Stock Market Wobbles
How difficult the situation will become this year depends on several factors. Some of these elements hold true for all economies and can’t be controlled by any government. For instance, the rate of economic growth seems relatively open at a time when countries across the world are battling to contain the Omikron strain of the Covid-19 virus. At the same time, inflation is soaring in most advanced countries and in particular in the U.S. and Western Europe, bringing an end to the ultra-cheap money that central banks have poured into the markets. How much this will affect growth appears unclear so far, but the wobbles in stock markets are a sign of greater uncertainty.
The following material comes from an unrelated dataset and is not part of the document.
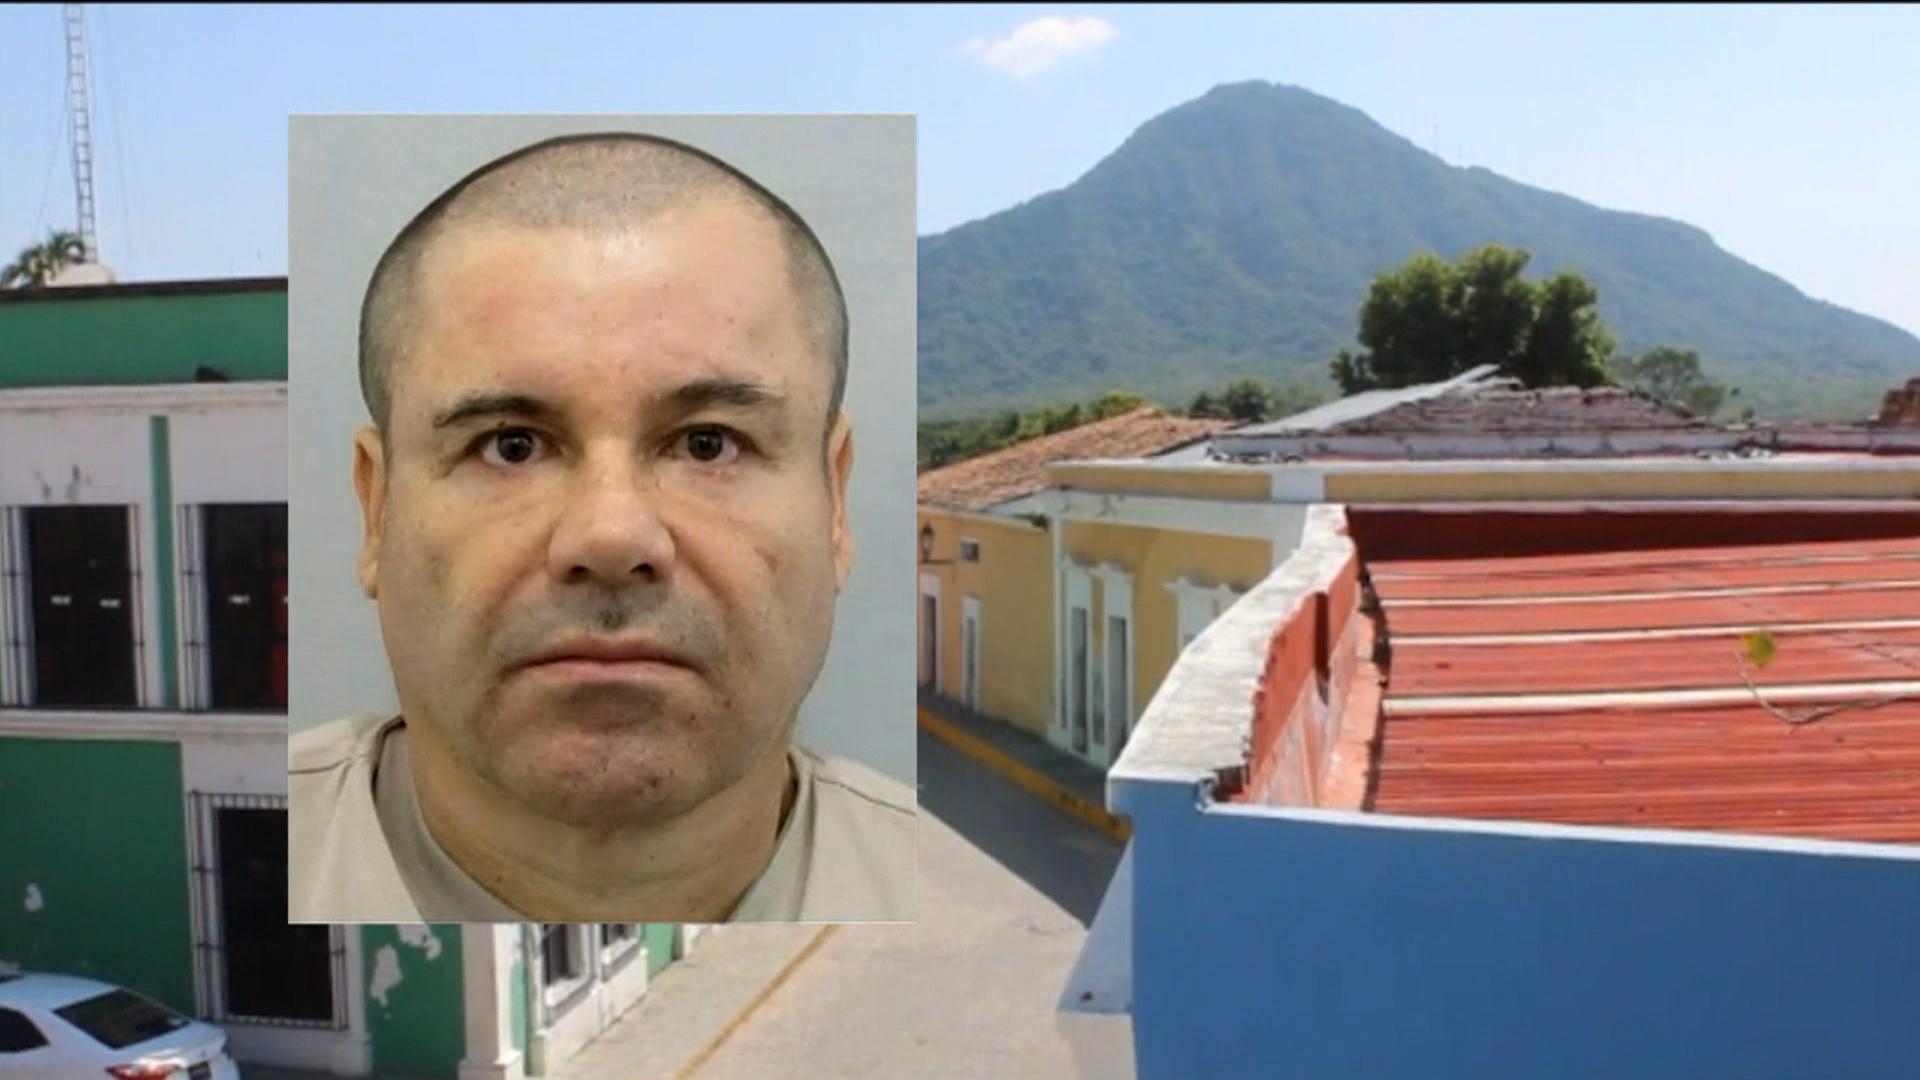 Joaquin 'El Chapo' Guzman May Have Hid in Mexican Mountains: Sources

It is almost impossible to predict how the tourist season will shape up in this traditional holiday hotspot, even though the low lira will likely help the industry lure foreign travelers back – once they dare to travel again. Still, with the complications that follow the unorthodox economic path of the government and central bank, market participants might be tempted to shun the country or, more precisely, place a higher price tag on investments, which may put off risktakers.
Boost Growth With Fiscal Measures
Economists such as Özgür Orhangazi at Kadir Has University expect the government to do everything it can to boost growth while the effects of the currency shock will slowly sink in. The government is likely to use fiscal stimulus measures and credit growth in its attempt to maintain growth. But the problem seems that any attempt by the government to increase growth using low interest rates and credit growth results in a further weakening of the lira, Orhangazi warned.
“The main issue will be the re-financing of the external debt,” said Orhangazi. “The government has been able to increase its foreign borrowing, albeit at higher interest rates and the non-financial corporates have been decreasing their foreign currency debt.” The financial services industry meanwhile has not so far had any problem in re-financing.
Going to the Polls in 2023
Obviously, the government relies on growth for its chances at the polls, while it is well aware that the spread between interest rates and inflation is leading to a sharp fall in real incomes and increased poverty.
Most economists have been saying that the monetary policy wouldn’t hold in the long run, even with the measures taken by the government to offset the difficulties. But whether, how and to what extent such a change of course might occur is a tough one to predict.